As GenAI redefines how models behave, model risk must evolve from static validation to dynamic assurance.
In today’s landscape, public LLMs such as ChatGPT, Gemini, and Claude are being rapidly deployed to generate insights, automate workflows, and transform decision making. Their ability to synthesise complex data and produce fluent narratives has made them attractive across risk, compliance, and credit functions.
However, these capabilities introduce governance challenges. Traditional MRM frameworks were designed for deterministic, explainable, and internally controlled models. GenAI systems, by contrast, are probabilistic, dynamic, and often externally managed. Their logic cannot be easily explained or replicated, and outputs may shift unpredictably.
This raises critical questions around transparency, accountability, and trust. Regulators across the globe are expected to expand model governance expectations to include GenAI, particularly where these systems influence decision making or customer outcomes. Banks that proactively adapt their MRM frameworks will be best positioned to demonstrate control and maintain regulatory confidence as the use of GenAI deepens.
The business problem
Unseen risks often arise not from models themselves, but from how they are used and governed.
GenAI tools are increasingly relied upon for tasks that once required human judgment: drafting credit reviews, summarising policies, automating compliance documentation, and generating analytics code. While these innovations improve efficiency, they also create exposure in areas existing MRM frameworks may not capture.
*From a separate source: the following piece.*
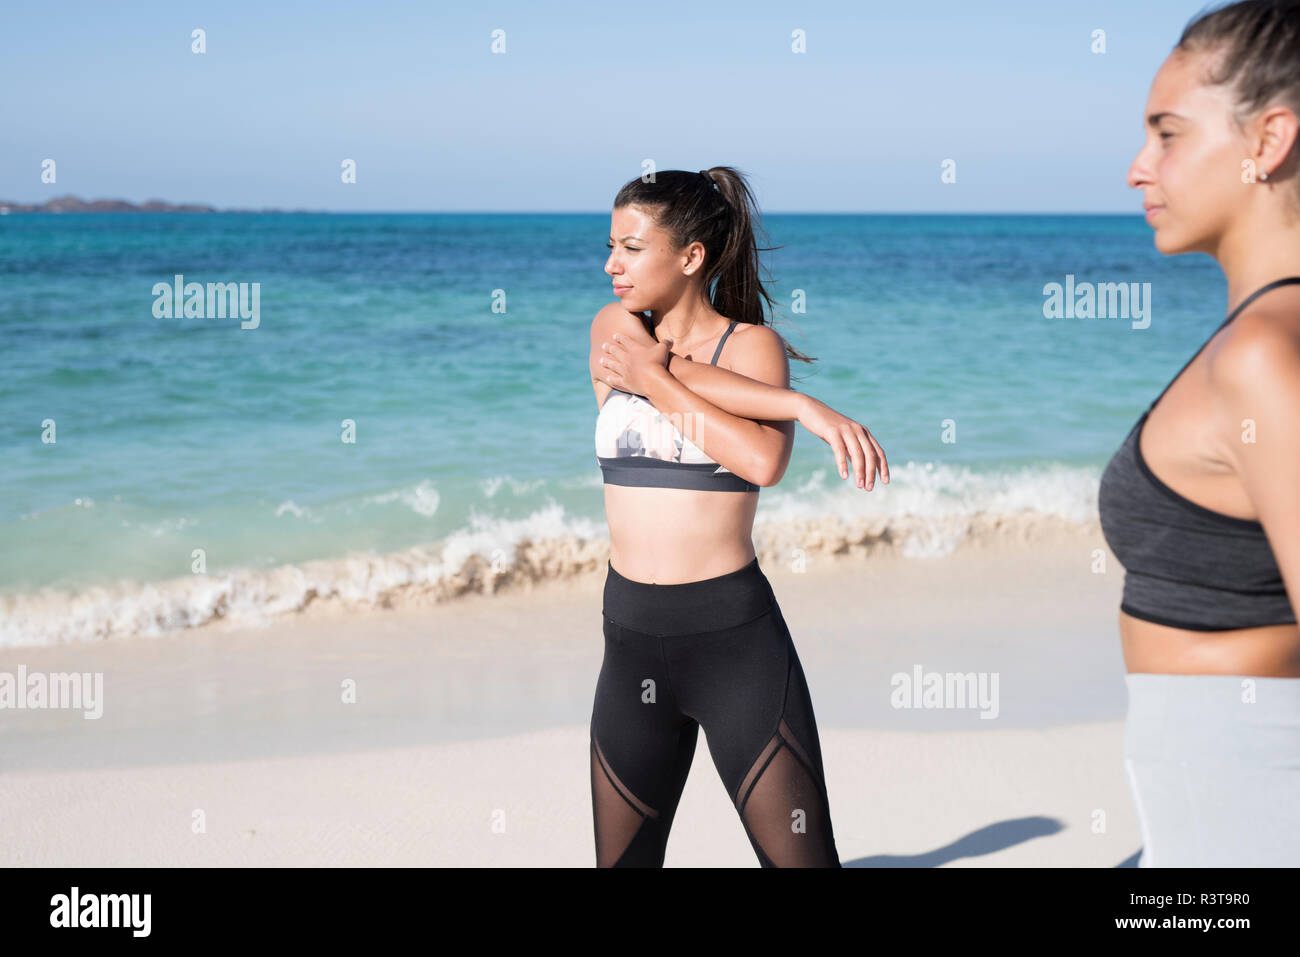 Spanien, Kanarische Inseln, Fuerteventura, zwei junge Frauen trainieren am Strand Stockfoto
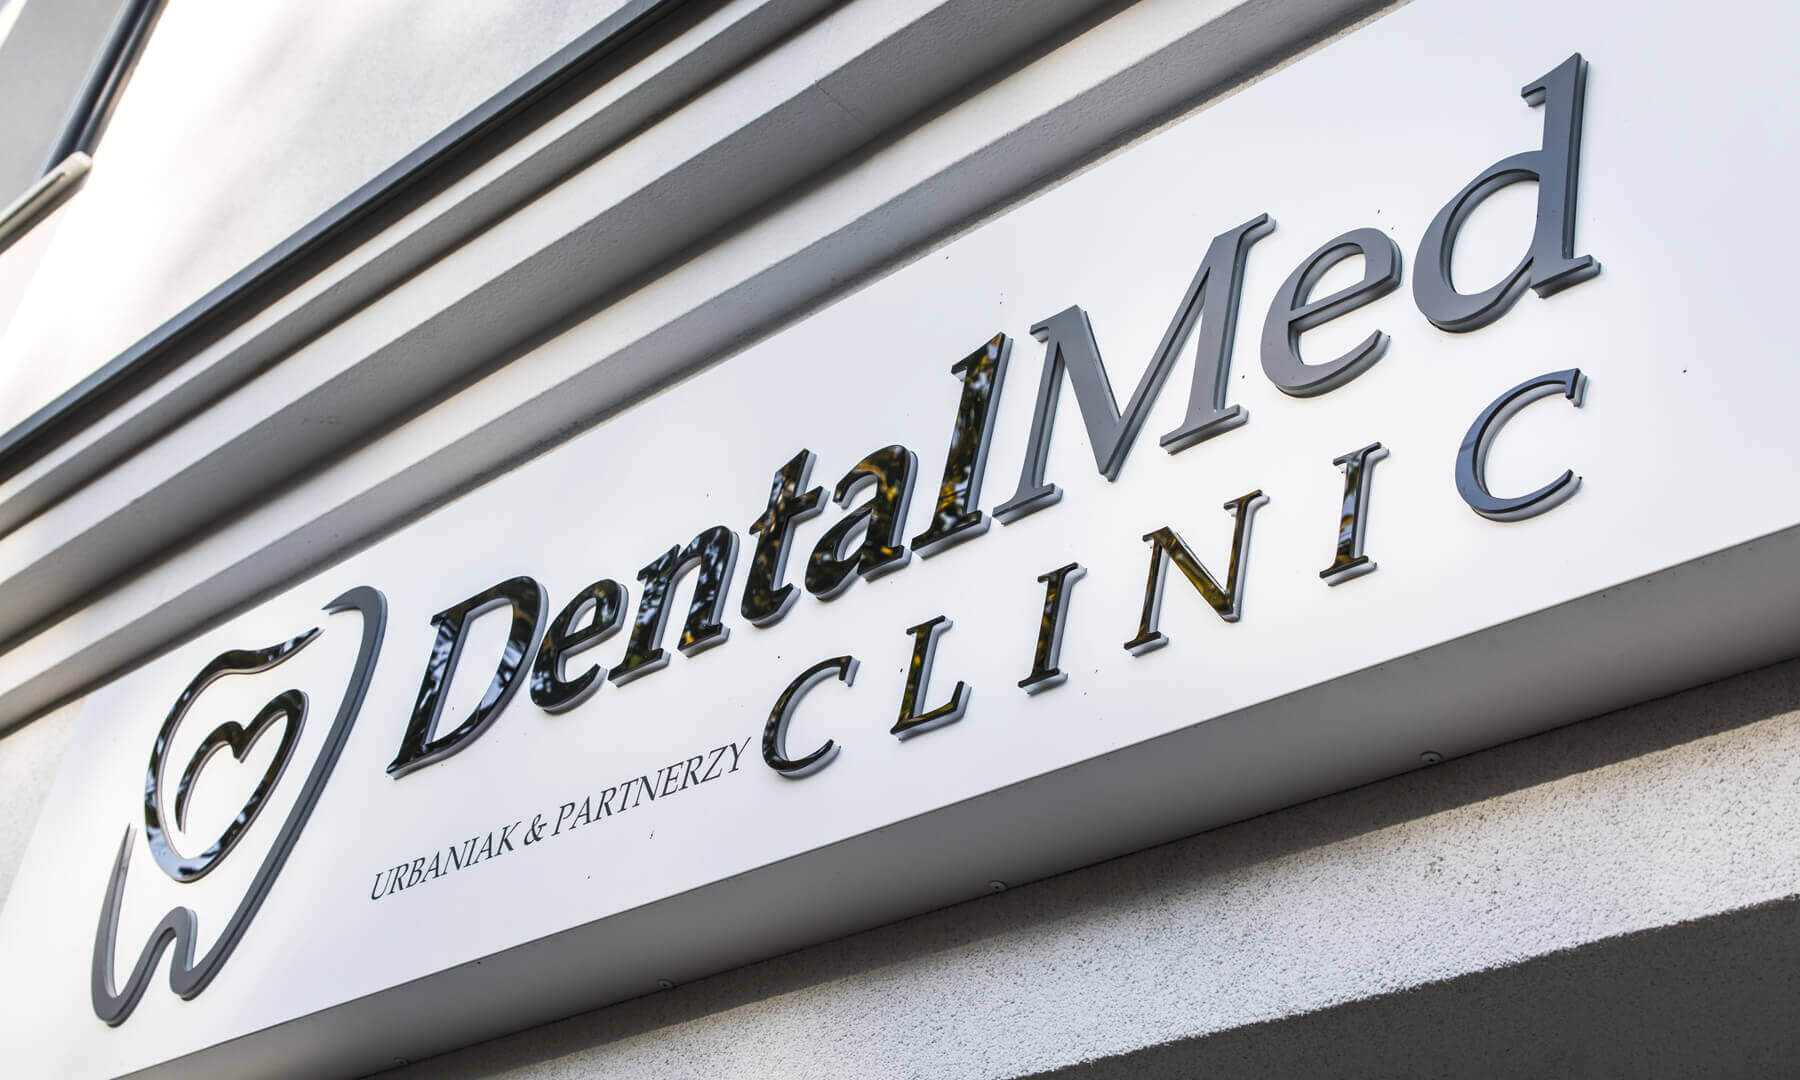 DentalMed - DentalMed - spatial letters on the advertising coffer above the entrance

Training data behind public LLMs is unverified and may contain inaccuracies or bias. Models behave non-deterministically, meaning identical prompts can yield different outputs, undermining reproducibility. Their architecture is externally managed, limiting the bank’s control over changes affecting model behaviour. Staff may also use public GenAI tools without safeguards, inadvertently inputting confidential or customer data into systems outside institutional control.
Without proper oversight, these vulnerabilities could breach data protection regulations, introduce biased outputs, or erode confidence in automated decisions. The challenge for risk leaders is therefore strategic as well as technical: enabling innovation while protecting decision integrity, regulatory compliance, and customer trust.
Key considerations and challenges
The defining risks of GenAI lie at the edges, where accountability, explainability, and ownership blur.
The first challenge is conceptual: determining what qualifies as a “model” in a GenAI context. Conventional definitions, quantitative tools that generate outputs for decision making, fail to capture the hybrid nature of GenAI systems. A generative chatbot summarising loan terms might appear operational, yet its influence on customer understanding or decision support means it should fall under model governance. Establishing clear classification criteria is therefore essential. Moreover, it is not only the complexity but also the sheer number of models that has increased significantly, which places higher demands on the operational validation function, requiring additional expert resources and support to ensure all models are effectively assessed and governed.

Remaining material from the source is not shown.